Table 2 demonstrates the performance of our generation model, RetroGEN, against ATR and CDK9 targets. Our model shows commendable performance compared with a number of well-established baseline models, notably MORLD and REINVENT, which are distinguished algorithms within the field of molecule generation. The RetroGEN model is capable of generating molecules with 100% validity and uniqueness against the ATR and CDK9 protein targets. In the case of the pharmacochemical filters for the ATR target, the RetroGEN model demonstrates superior performance over the baseline models in all three filters. Additionally, it exhibits a slightly improved performance in SureChEMBL and PAINS compared to its noninitialized counterpart. With respect to the CDK9 target, a similar trend is also observed, which can be concluded from Table 3. The RetroGEN model demonstrates slight improvements in the Glaxo and PAINS metrics, though it shows marginally lower performance in the SureChEMBL metric compared to REINVENT. Overall, the RetroGEN model could help in optimizing the properties related to pharmacochemical filters. RetroGEN’s high validity and uniqueness across ATR and CDK9 targets underscore its potential for generating diverse, drug-like molecules.
The distribution of molecular properties is crucial for generating drug-like molecules in drug discovery. Key properties such as lipophilicity (LogP), synthetic accessibility (SA), drug-likeness (QED), and molecular weight (MW) are assessed to evaluate a molecule’s efficacy, safety, and similarity to existing drugs. We also use QuickVina 2 to assess binding affinity, which helps determine potential biological activity.
In Fig. 4a, we compare RetroGEN with MOLRD and REINVENT against the ATR target, alongside active molecules from BindingDB. The top row of Fig. 4a shows that the molecules generated by RetroGEN closely match the MW, LogP, QED, and SAScore distributions of active molecules for the ATR target, with REINVENT being the second closest in alignment.

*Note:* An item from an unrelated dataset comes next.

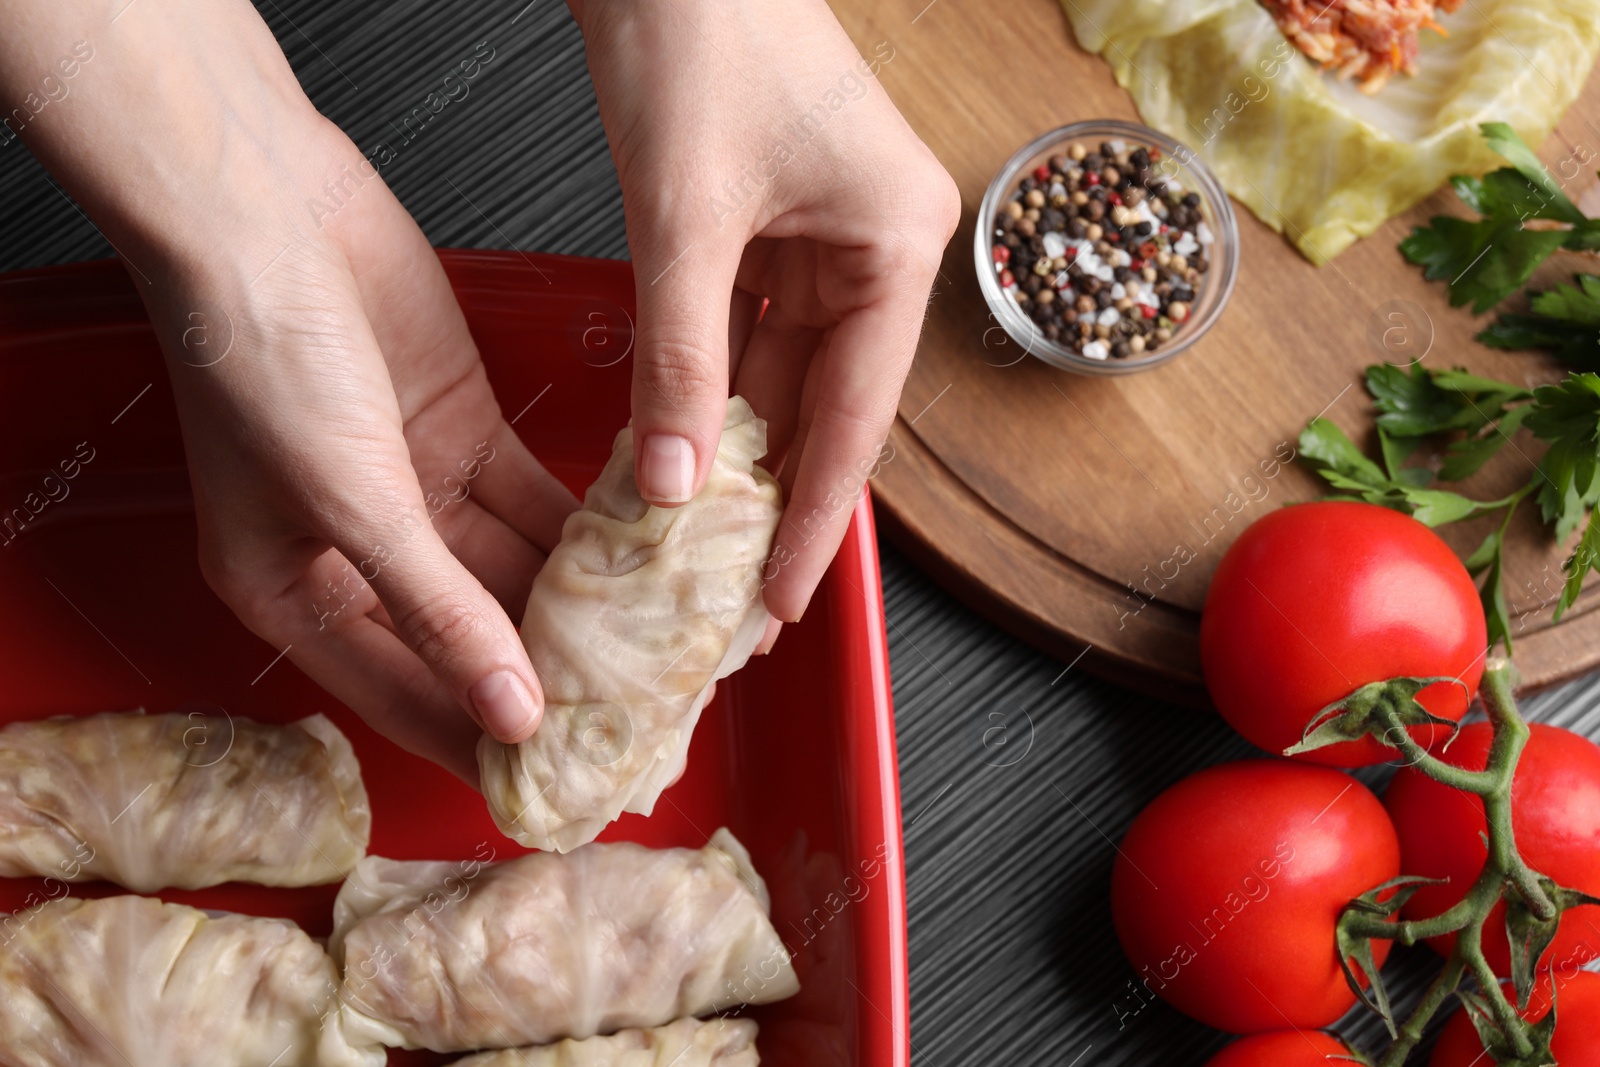 Photo of Woman putting uncooked stuffed cabbage roll into baking dish at black table, top view

The molecular weight of molecules generated by RetroGEN predominantly falls within 250–500, aligning closely with active molecules. In contrast, REINVENT generates molecules with lower molecular weight, while MORLD generates larger molecules, which may hinder membrane permeability and absorption. For LogP, the distribution of existing Actives ranges from 0 to 6, with a concentration around 3. RetroGEN’s generated molecules also center around 3, with most falling between −2 and 5, similar to MORLD and REINVENT. For QED, RetroGEN and REINVENT perform similarly, with most generated molecules having a QED above 0.5. In contrast, MORLD’s generated molecules mostly have QED values below 0.5, indicating poorer performance. For SAScore, REINVENT outperforms other methods, likely due to the smaller molecular size of its generated molecules. As for docking performance, RetroGEN shows the best docking scores, indicating strong binding affinity. MORLD also achieves commendable scores, closely following RetroGEN, which suggests good binding potential. However, the larger molecular weight of MORLD’s compounds may violate the “Rule of Five” principle, making them less viable as drug candidates. Overall, RetroGEN exhibits the best performance and closely aligns with the active ATR molecules.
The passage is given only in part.